GCN5: The members of Gcn5-related N-acetyltransferase (GNAT) family structurally resemble the archetypal HAT Gcn5 and have been relatively well studied. They share the highly conserved catalytic HAT domain with characteristic sequence motifs, of which motif A notably binds acetyl-coA. Some members additionally have an N-terminal PCAF homology domain for substrate selectivity and a C-terminal bromodomain for binding acetylated lysine residues. As is the case with most HATs, GCN5 functions as the catalytic component in multi-subunit complexes SAGA, ADA and SLIK, playing important roles in transcriptional activation and various chromatin activities (1)
Reference
1. Jeon J. H., Lee Y. H.Histone acetylation in fungal pathogens of plants. Plant Pathol.J.2014;30(1):1-9. PMID: 25288980.
HAT1: The best-understood set of acetyltransferases is the GNAT (Gcn5-related N-acetyltransferase) superfamily, which have been grouped together on the basis of their similarity in several homology regions and acetylation-related motifs.
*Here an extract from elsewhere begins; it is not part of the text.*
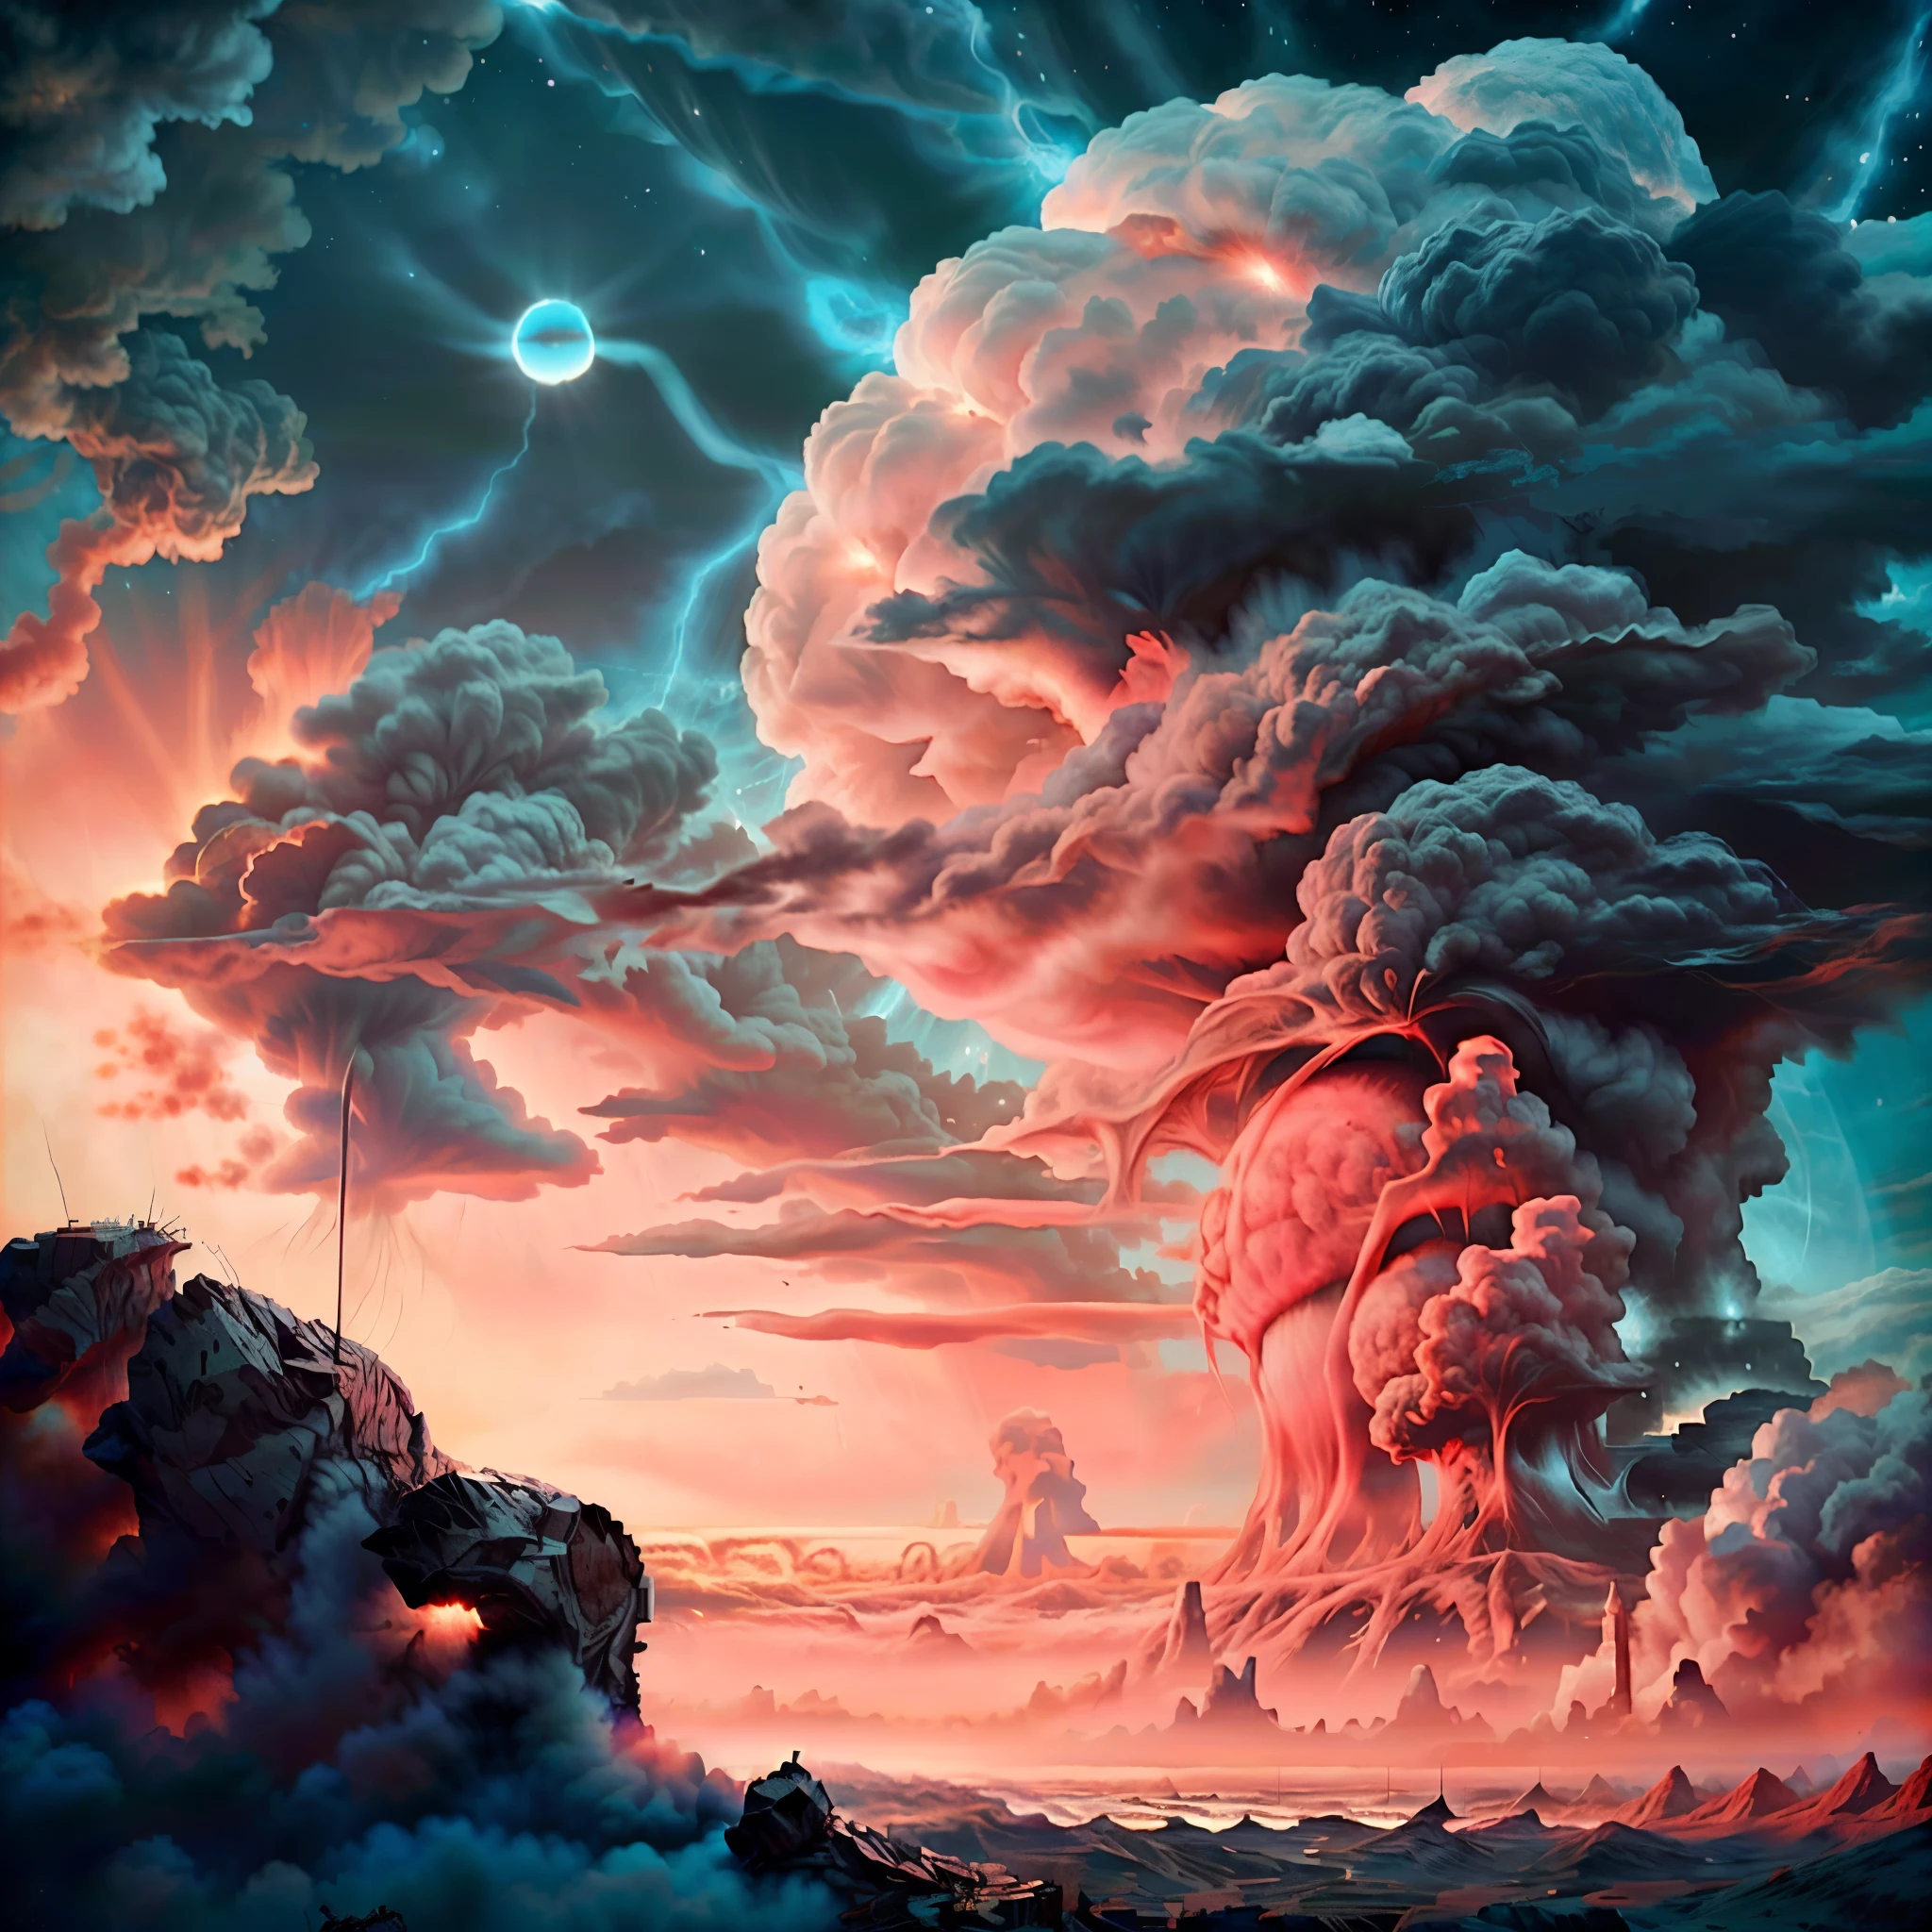 核爆的超現實特寫, 天上有一朵大雲, 觀念藝術, 核雲, 核爆描繪了天空, 傑作, 現實主義, 廢墟, 虹彩效應中的輻射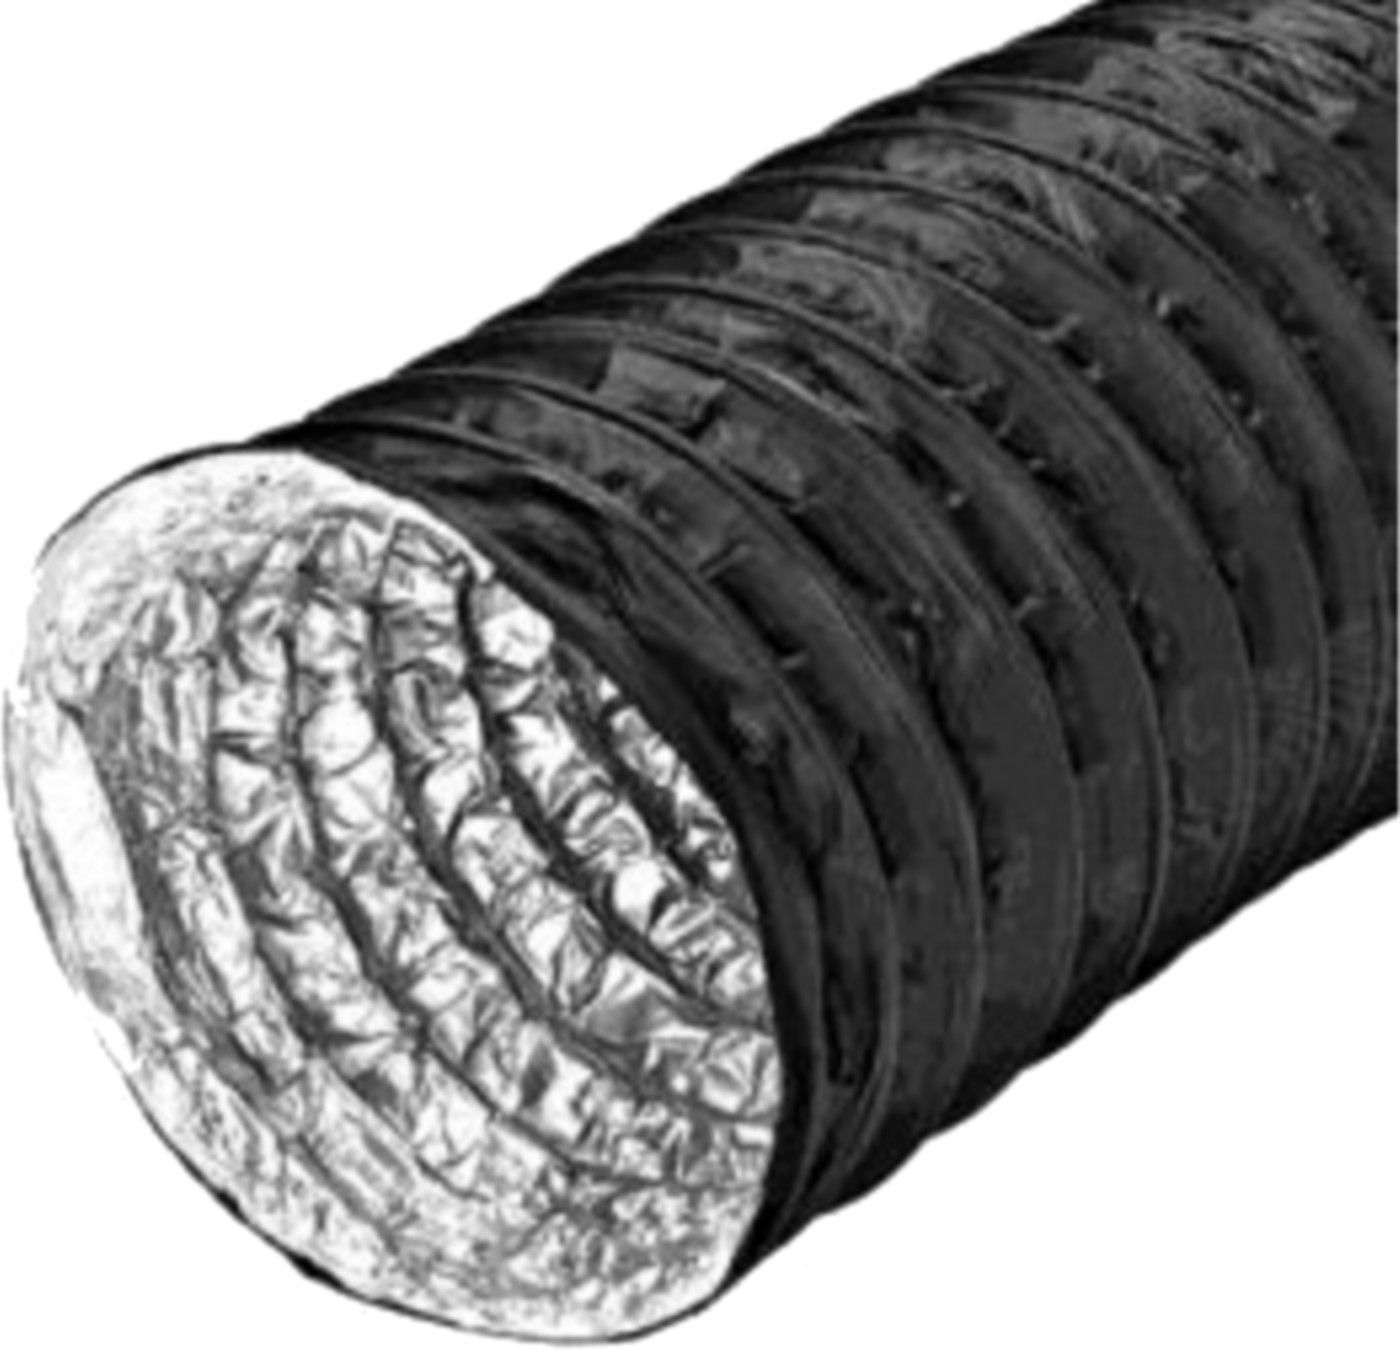 Combidec 2300 schwarz L= 10 m 300 mm hochflexibler Aluminium-Lüftungsschlauch - Flexible Lüftungsschläuche

This group includes the HAT Gcn5, its close relatives, and at least three more distantly related HATs, Hat1, Elp3, and Hpa2. (1)
Hat1 is the sole known example of a type B histone acetyltransferase. While it has long been presumed that type B histone acetyltransferases participate in the acetylation of newly synthesized histones during the process of chromatin assembly.
Reference
1. Sterner, D.E. & Berger, S.L.Acetylation of histones and transcription-related factors. Microbiol. Mol. Biol. Rev.2000;64(2):435-459. PMID: 10839822.
MYST: The MYST family, which was named after the initials of the founding members: MOZ, Ybf2/Sas3, Sas2, and Tip60, is the largest family of acetyltransferases with diverse biological functions. In the budding yeast, Esa1 of the NuA4 complex is known to be an essential HAT required for DNA repair and cell cycle progression. In animal systems, the role of MYST family HATs in stem cells, development and cancer have been thoroughly documented. It is of note that MYST family HAT complexes are known to have the broadest range of substrates including non-histone targets. The regulatory role and the ubiquity of protein acetylation had long been suspected to be comparable that of phosphorylation. (1)
Reference
1. Jeon J. H., Lee Y. H.Histone acetylation in fungal pathogens of plants. Plant Pathol.J.2014;30(1):1-9. PMID: 25288980.